Range to reproduce from the entries below: the line with "Funny Monday Quotes", the line with "An example with", and every line in between. Give them exactly and give nothing else.
*** Opening of Excerpted data ***
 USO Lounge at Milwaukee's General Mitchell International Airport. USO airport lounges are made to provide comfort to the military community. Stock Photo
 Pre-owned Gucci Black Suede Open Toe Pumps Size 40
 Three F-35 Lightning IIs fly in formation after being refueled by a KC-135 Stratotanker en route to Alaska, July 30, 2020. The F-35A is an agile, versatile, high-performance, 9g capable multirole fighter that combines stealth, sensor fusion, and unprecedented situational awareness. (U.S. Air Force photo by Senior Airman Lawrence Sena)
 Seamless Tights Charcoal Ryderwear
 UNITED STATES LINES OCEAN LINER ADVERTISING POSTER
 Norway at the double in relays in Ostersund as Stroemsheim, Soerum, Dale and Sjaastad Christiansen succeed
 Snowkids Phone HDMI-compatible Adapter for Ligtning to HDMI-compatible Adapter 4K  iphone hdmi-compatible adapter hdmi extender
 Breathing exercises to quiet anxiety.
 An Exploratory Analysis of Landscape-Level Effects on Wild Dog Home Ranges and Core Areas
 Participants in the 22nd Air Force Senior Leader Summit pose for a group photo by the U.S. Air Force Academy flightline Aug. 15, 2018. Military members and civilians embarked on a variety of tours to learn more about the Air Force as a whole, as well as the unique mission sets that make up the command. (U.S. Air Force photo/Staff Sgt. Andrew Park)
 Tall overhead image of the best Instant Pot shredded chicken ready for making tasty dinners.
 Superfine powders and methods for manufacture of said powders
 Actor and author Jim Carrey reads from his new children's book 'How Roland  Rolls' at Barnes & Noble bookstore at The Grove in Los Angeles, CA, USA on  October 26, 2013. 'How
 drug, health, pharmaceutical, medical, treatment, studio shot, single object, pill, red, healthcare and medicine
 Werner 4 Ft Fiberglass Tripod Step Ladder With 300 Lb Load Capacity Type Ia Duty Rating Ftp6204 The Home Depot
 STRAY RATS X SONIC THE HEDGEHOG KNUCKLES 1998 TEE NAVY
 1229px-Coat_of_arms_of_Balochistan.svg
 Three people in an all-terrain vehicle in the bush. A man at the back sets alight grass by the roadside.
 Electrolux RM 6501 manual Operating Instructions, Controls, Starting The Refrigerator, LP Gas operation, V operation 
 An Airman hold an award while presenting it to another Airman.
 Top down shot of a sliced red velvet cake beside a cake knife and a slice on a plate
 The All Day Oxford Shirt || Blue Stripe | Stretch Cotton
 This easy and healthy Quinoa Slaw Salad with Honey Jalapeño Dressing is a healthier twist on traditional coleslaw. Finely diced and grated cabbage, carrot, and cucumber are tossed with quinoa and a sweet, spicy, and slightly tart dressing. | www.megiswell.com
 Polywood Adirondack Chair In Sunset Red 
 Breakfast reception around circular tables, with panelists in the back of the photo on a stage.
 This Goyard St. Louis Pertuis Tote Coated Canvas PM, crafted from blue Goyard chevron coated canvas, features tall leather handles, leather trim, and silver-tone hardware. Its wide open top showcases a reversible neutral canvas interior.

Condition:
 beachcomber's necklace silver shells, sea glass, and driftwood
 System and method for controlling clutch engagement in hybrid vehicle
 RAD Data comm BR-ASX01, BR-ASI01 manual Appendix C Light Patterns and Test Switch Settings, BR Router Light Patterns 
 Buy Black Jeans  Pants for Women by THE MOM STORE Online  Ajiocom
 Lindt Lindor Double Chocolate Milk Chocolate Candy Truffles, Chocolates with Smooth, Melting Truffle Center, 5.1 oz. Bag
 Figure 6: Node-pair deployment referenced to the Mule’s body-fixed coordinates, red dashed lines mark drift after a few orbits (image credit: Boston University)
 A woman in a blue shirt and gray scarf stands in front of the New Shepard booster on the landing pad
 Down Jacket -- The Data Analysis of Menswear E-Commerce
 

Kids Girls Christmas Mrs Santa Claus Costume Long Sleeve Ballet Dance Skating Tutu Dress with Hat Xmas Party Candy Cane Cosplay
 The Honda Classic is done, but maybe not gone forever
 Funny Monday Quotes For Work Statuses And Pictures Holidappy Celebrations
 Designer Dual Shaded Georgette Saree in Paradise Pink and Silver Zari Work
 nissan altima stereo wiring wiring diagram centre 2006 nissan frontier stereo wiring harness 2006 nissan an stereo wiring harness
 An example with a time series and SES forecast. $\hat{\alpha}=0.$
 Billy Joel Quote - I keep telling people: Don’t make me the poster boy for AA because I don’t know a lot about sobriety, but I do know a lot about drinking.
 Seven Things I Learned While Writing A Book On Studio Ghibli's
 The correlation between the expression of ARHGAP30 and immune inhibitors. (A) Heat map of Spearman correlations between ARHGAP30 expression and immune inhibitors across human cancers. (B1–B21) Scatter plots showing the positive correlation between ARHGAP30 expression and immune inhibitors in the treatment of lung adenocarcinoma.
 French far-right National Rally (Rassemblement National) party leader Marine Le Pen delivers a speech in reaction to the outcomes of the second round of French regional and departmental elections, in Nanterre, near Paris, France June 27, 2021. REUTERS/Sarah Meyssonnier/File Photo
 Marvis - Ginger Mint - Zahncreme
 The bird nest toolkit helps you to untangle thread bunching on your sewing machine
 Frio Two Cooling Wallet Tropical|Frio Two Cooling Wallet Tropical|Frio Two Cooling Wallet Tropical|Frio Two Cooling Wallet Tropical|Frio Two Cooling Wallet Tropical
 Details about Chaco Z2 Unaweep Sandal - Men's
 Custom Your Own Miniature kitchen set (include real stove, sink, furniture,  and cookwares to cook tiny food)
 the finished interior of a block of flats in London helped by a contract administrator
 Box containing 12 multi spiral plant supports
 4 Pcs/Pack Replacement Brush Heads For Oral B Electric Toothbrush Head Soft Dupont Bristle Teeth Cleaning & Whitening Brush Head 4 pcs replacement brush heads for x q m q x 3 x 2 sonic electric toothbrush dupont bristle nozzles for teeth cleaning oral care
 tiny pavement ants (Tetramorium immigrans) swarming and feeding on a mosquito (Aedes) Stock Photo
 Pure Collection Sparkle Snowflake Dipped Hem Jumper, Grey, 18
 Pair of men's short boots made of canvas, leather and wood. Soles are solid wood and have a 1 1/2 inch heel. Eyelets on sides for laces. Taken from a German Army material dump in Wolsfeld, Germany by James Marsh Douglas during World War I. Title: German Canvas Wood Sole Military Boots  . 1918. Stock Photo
*** Close of Excerpted data ***
Solution for this exercise
 Funny Monday Quotes For Work Statuses And Pictures Holidappy Celebrations
 Designer Dual Shaded Georgette Saree in Paradise Pink and Silver Zari Work
 nissan altima stereo wiring wiring diagram centre 2006 nissan frontier stereo wiring harness 2006 nissan an stereo wiring harness
 An example with a time series and SES forecast. $\hat{\alpha}=0.$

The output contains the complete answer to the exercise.